DIRECTIONS FOR THIS TASK:
Any picture in the listing is left out of the copy; all else is duplicated exactly.

SOURCE DATA:
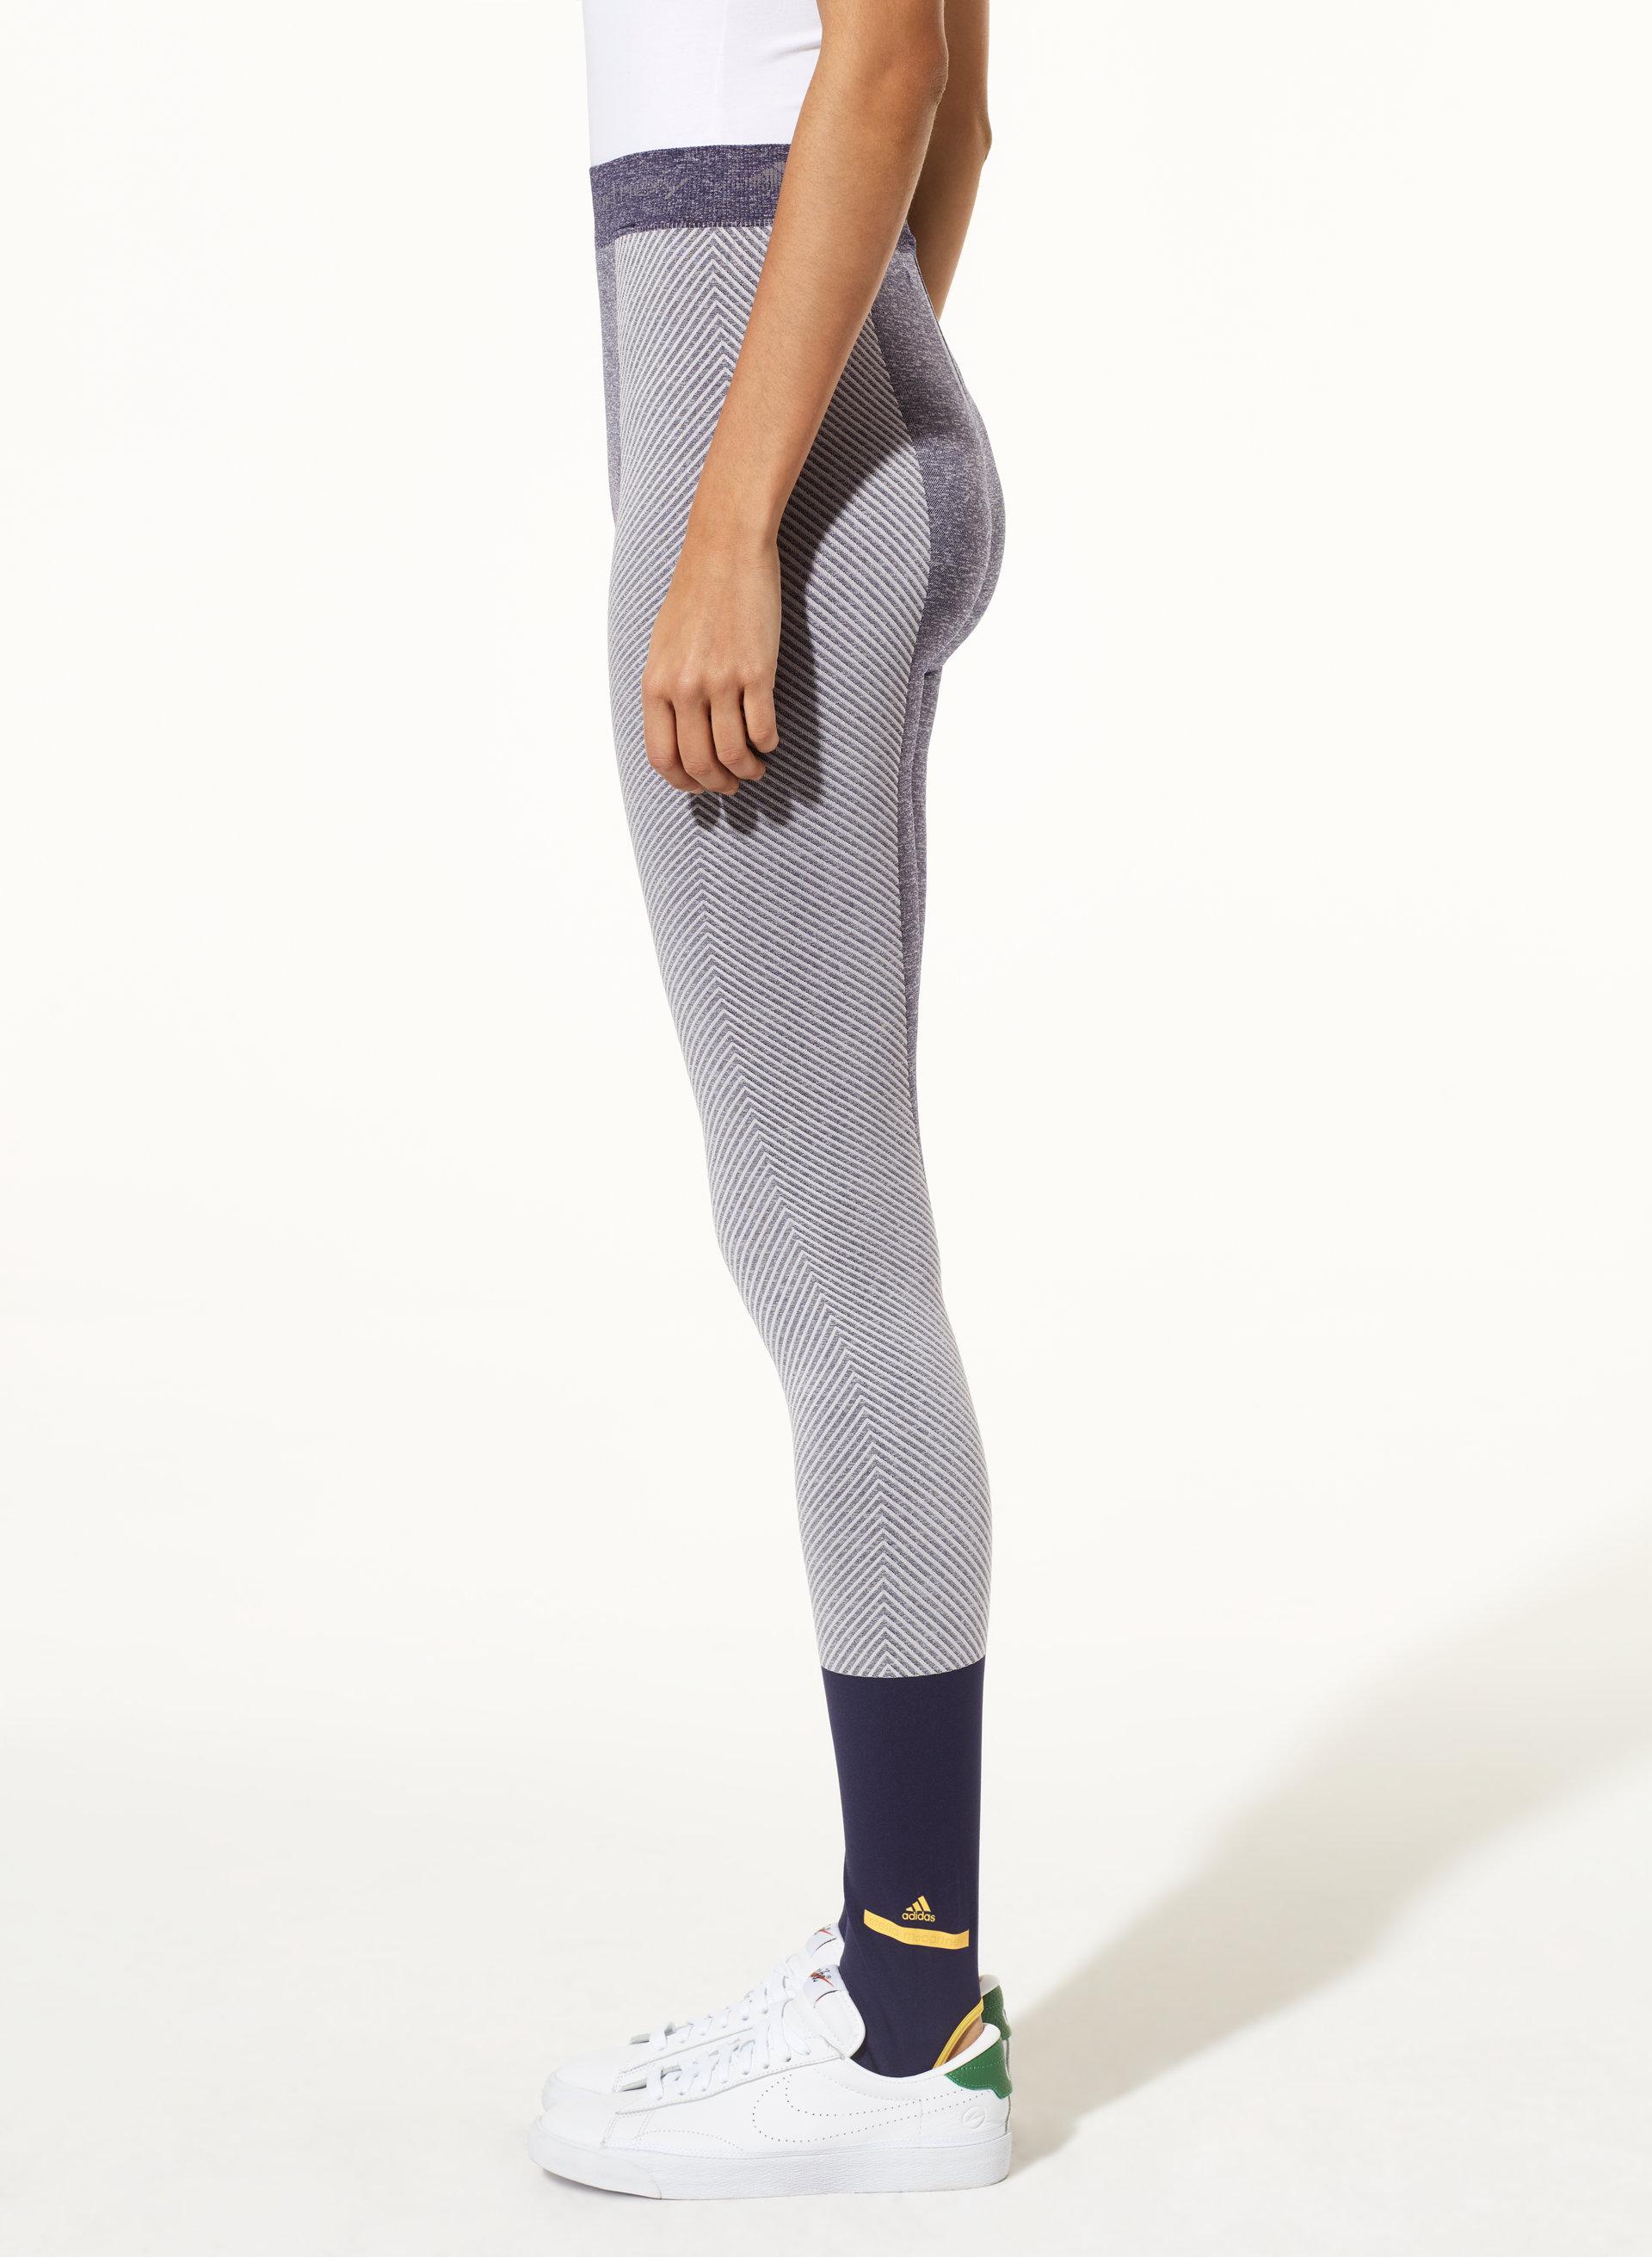 yoga shoes adidas
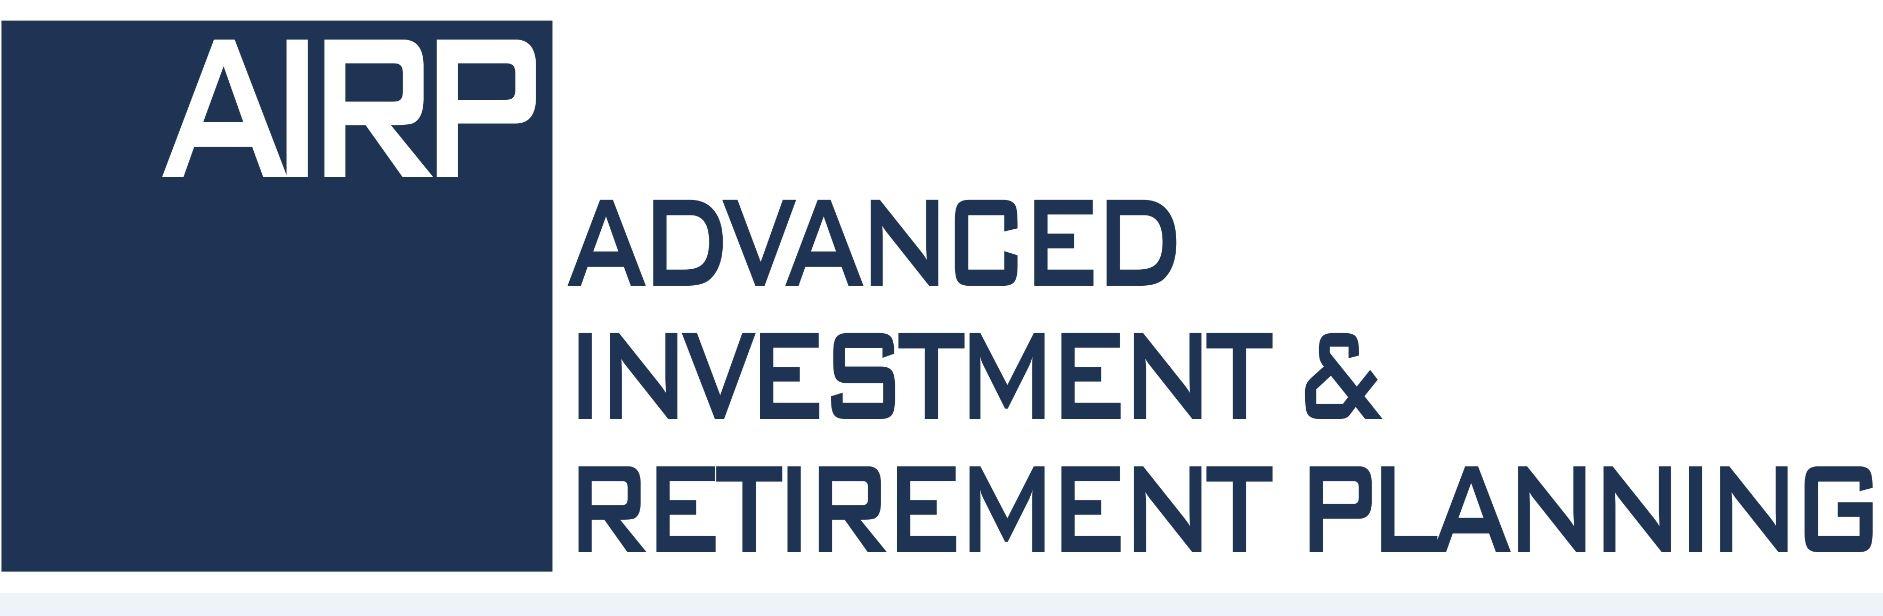 Advanced Investment & Retirement Planning Ltd
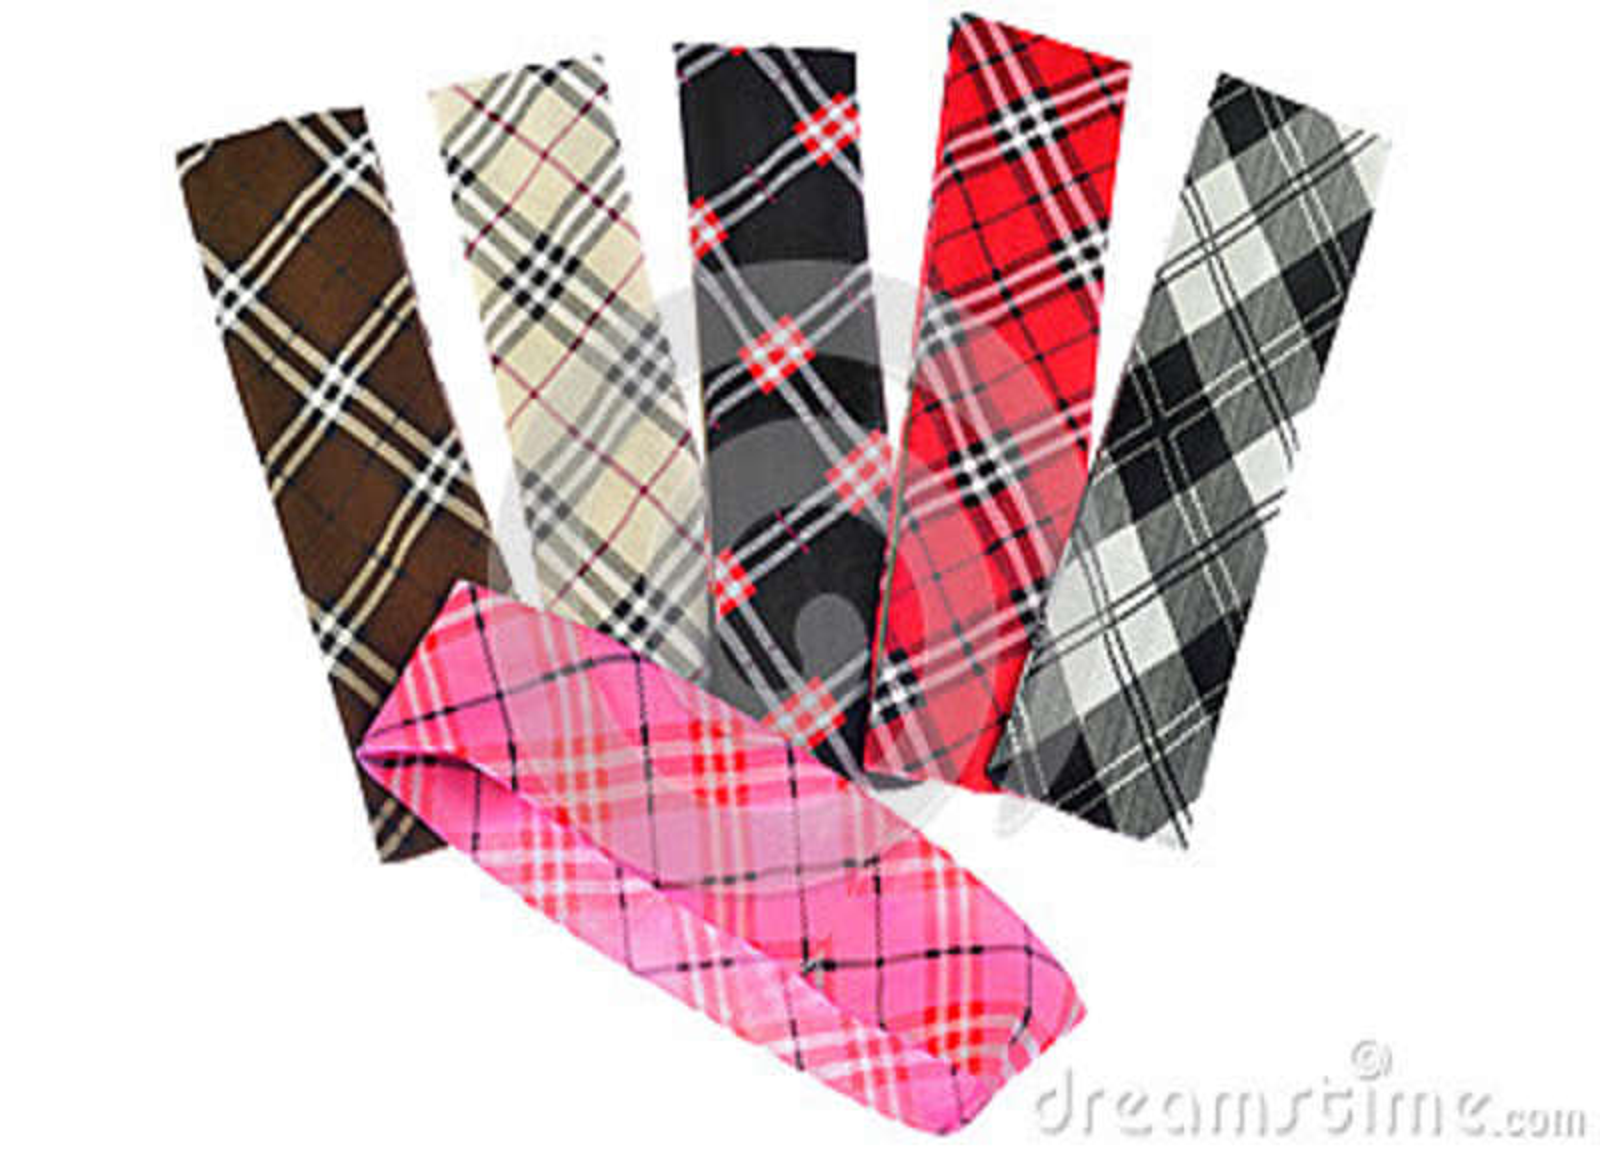 d43792153cb69 Lumberjack Plaid And Buffalo Check Patterns. Red
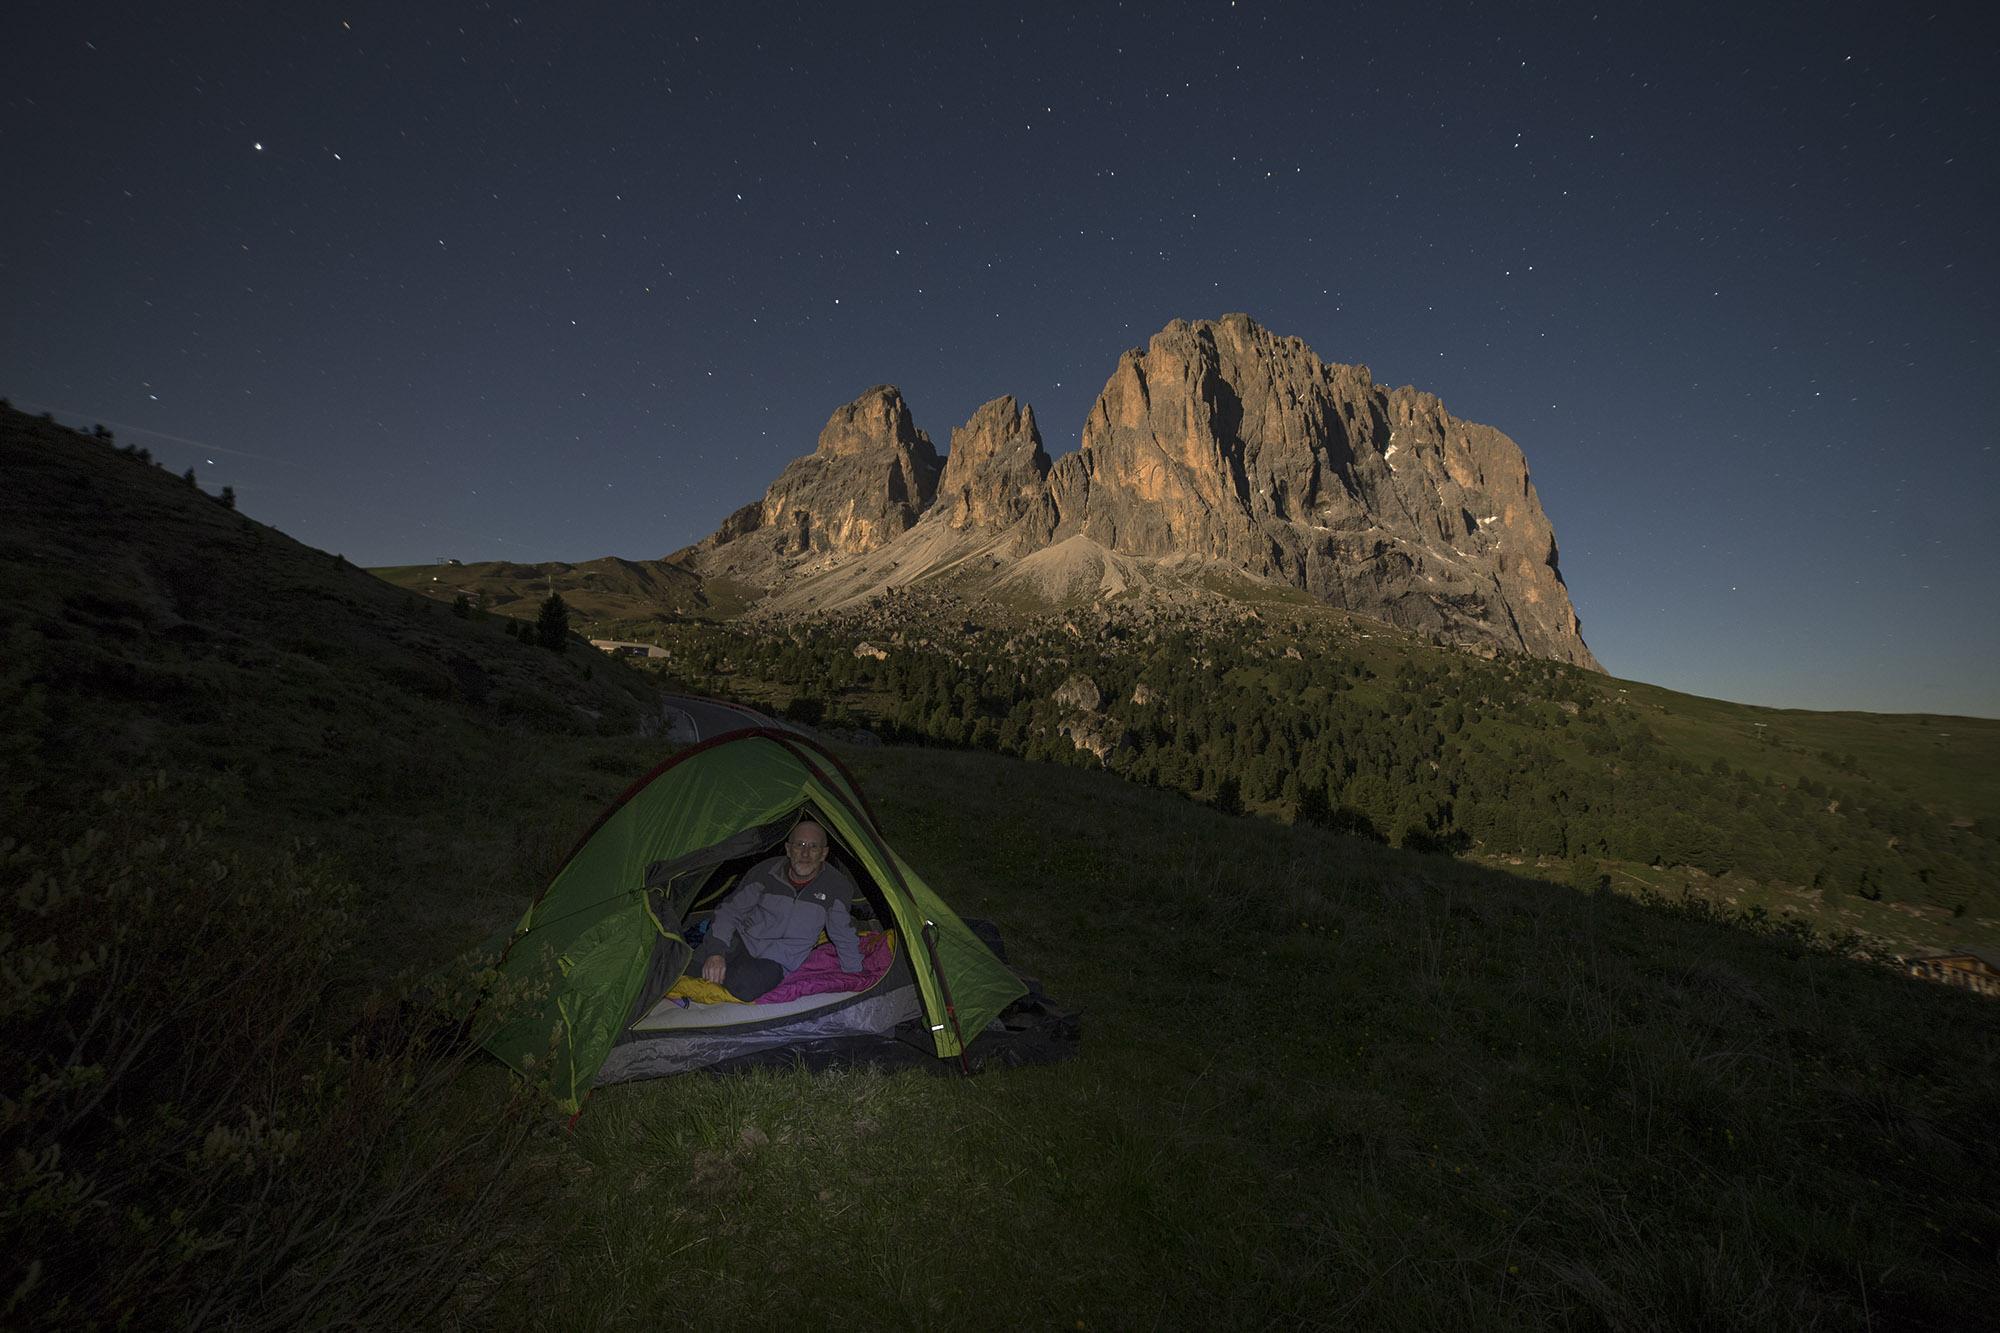 Sassolungo nightscape, Italy

RESULT:
 yoga shoes adidas
 Advanced Investment & Retirement Planning Ltd
 d43792153cb69 Lumberjack Plaid And Buffalo Check Patterns. Red
 Sassolungo nightscape, Italy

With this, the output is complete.